У Сандора была еще одна фотография: она вся в черном на похоронах старика. И опять из итальянской газеты. Он сказал, что английские издания не замечали ее, они к тому времени забыли Нину Эбботт. Она стояла на кладбище среди могил, надгробий и кипарисов и держала за руку другого старика. Может, того, за которого вышла потом. У Сандора не было фото ее свадьбы с Пауэллом Патоном, только снимок, где они вдвоем поднимаются на чью-то яхту в Генуе. Он оказался крупным и крепким парнем чуть за пятьдесят и был одет в шорты-боксеры и соломенную шляпу.
– Что с ним случилось? – сказал я.
– Скоропостижно скончался от сердечного приступа в собственном доме на Мартас-Винъярд. После свадьбы прошло всего пять месяцев. Он оставил ей кучу денег.
– И много драгоценностей? – сказал я.
– Денег было достаточно, чтобы купить кучу драгоценностей. Она так и не вернулась в Италию. Должен признаться, я не знаю, куда она поехала. Залегла на дно. Когда она снова объявилась, уже была замужем за Апсоландом.
– Что это за имя? – сказал я.

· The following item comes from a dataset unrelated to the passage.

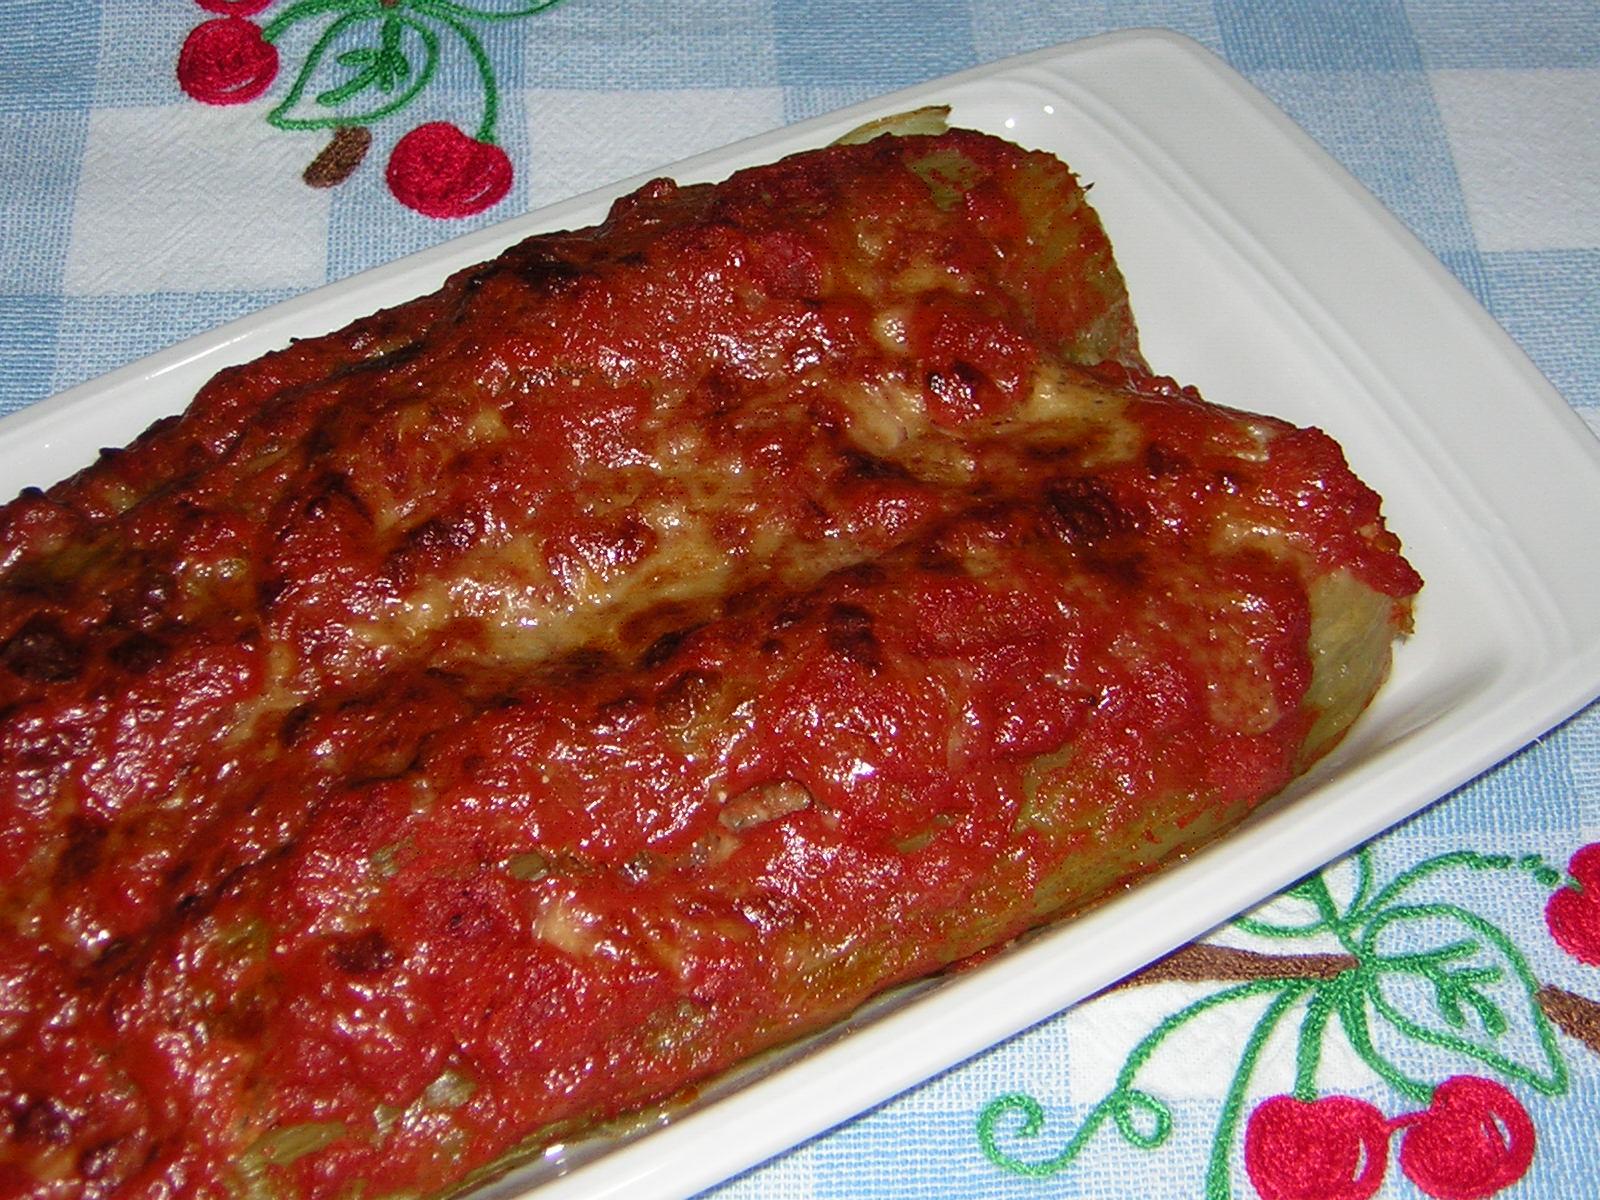 Il sedano ripieno ¨ un piatto tanto antico quanto insolito Io ho iniziato a cucinarlo qualche tempo fa con una ricetta che mi ha dato una mia cara amica

Оно всегда меня озадачивало.
– Думаю, еврейское. Исковерканное Авессалом. А ты помнишь, малыш Джо, что ты именно об этом и спросил меня, когда мы встретились: что это за имя? Что это за имя такое, Сандор, спросил ты.
Сейчас он со мной очень добрый. У меня все время такое ощущение, будто сейчас Рождество. Жаль, что я не могу прикоснуться к нему. Не с грязными целями, я не это имею в виду. Мне этого очень хочется… ну, мне было бы очень приятно, если бы он позволил подержать его за руку. А вместо этого я включаю свой телевизор и смотрю «Ист-Энд»[27], а он читает медицинскую книгу под названием «Раковый корпус»[28]. Пластырь отодрался от моей губы, и я думаю, что от пореза бритвой шрама не останется.
* * *Я знаю: без бороды я выгляжу младше своих лет. Те два дядьки, что живут здесь, строители, принимают меня за восемнадцатилетнего мальчишку, говорит Сандор. Так ему сказал Кевин, младший из двоих, и Сандор не стал спорить. Лес – ему пятьдесят – чувствует себя неловко в нашей компании, и, наверное, оба принимают нас за пару геев. Кен постоянно выдает что-то вроде «живи и дай жить другим, вот что я скажу, негоже, чтобы мы все были одинаковыми» и «в наше время и в нашу эпоху надо делать скидки».
Позавчера мы на автобусе съездили в Ипсвич и привезли «Фиат». Теперь он цвета томатного кетчупа, и Сандор даже не сразу поверил своим глазам, когда впервые увидел его. Он сказал, что ожидал чего-то поспокойнее. Одно важно: никто из тех, кто видел темноволосого молодого человека с бородой за рулем серого «Фиата», не свяжет его со светловолосым, чисто выбритым парнем в машине цвета рябины.
Последние две недели были потрачены на выяснение всего что можно о Джаредз и о людях, которые там живут. Сандор в пабе познакомился с одним человеком, чья жена дважды в неделю ходит туда убираться. Прежде чем заговорить с ним, он услышал, как тот рассказывает своему другу, что у Апсоландов работает иностранная пара, но женщина одна не справляется с таким большим домом. Его жена, ее зовут Дорин, боится немецких овчарок. Я тоже. Я не люблю собак.
Сандор сделал вид, будто ищет дом в аренду. Он сказал, будто слышал, что в Джаредз есть свободный коттедж. Муж Дорин, Стэн, вскоре ввел его в курс дела. В том коттедже живет шофер (он использовал именно это слово) Апсоландов со своей дочкой, которая учится в деревенской школе вместе с дочкой Стэна и Дорин. Жены у него нет, она то ли умерла, то ли сбежала, в общем, что-то в этом роде. Стэн сетовал на то, что Дорин от дома до Джаредз приходится целую милю ехать на своем мопеде, а в плохую погоду это ужасно. Сандор был вынужден купить ему и его приятелю выпивку, и, естественно, расплатиться материной «Американ экспресс» он не мог.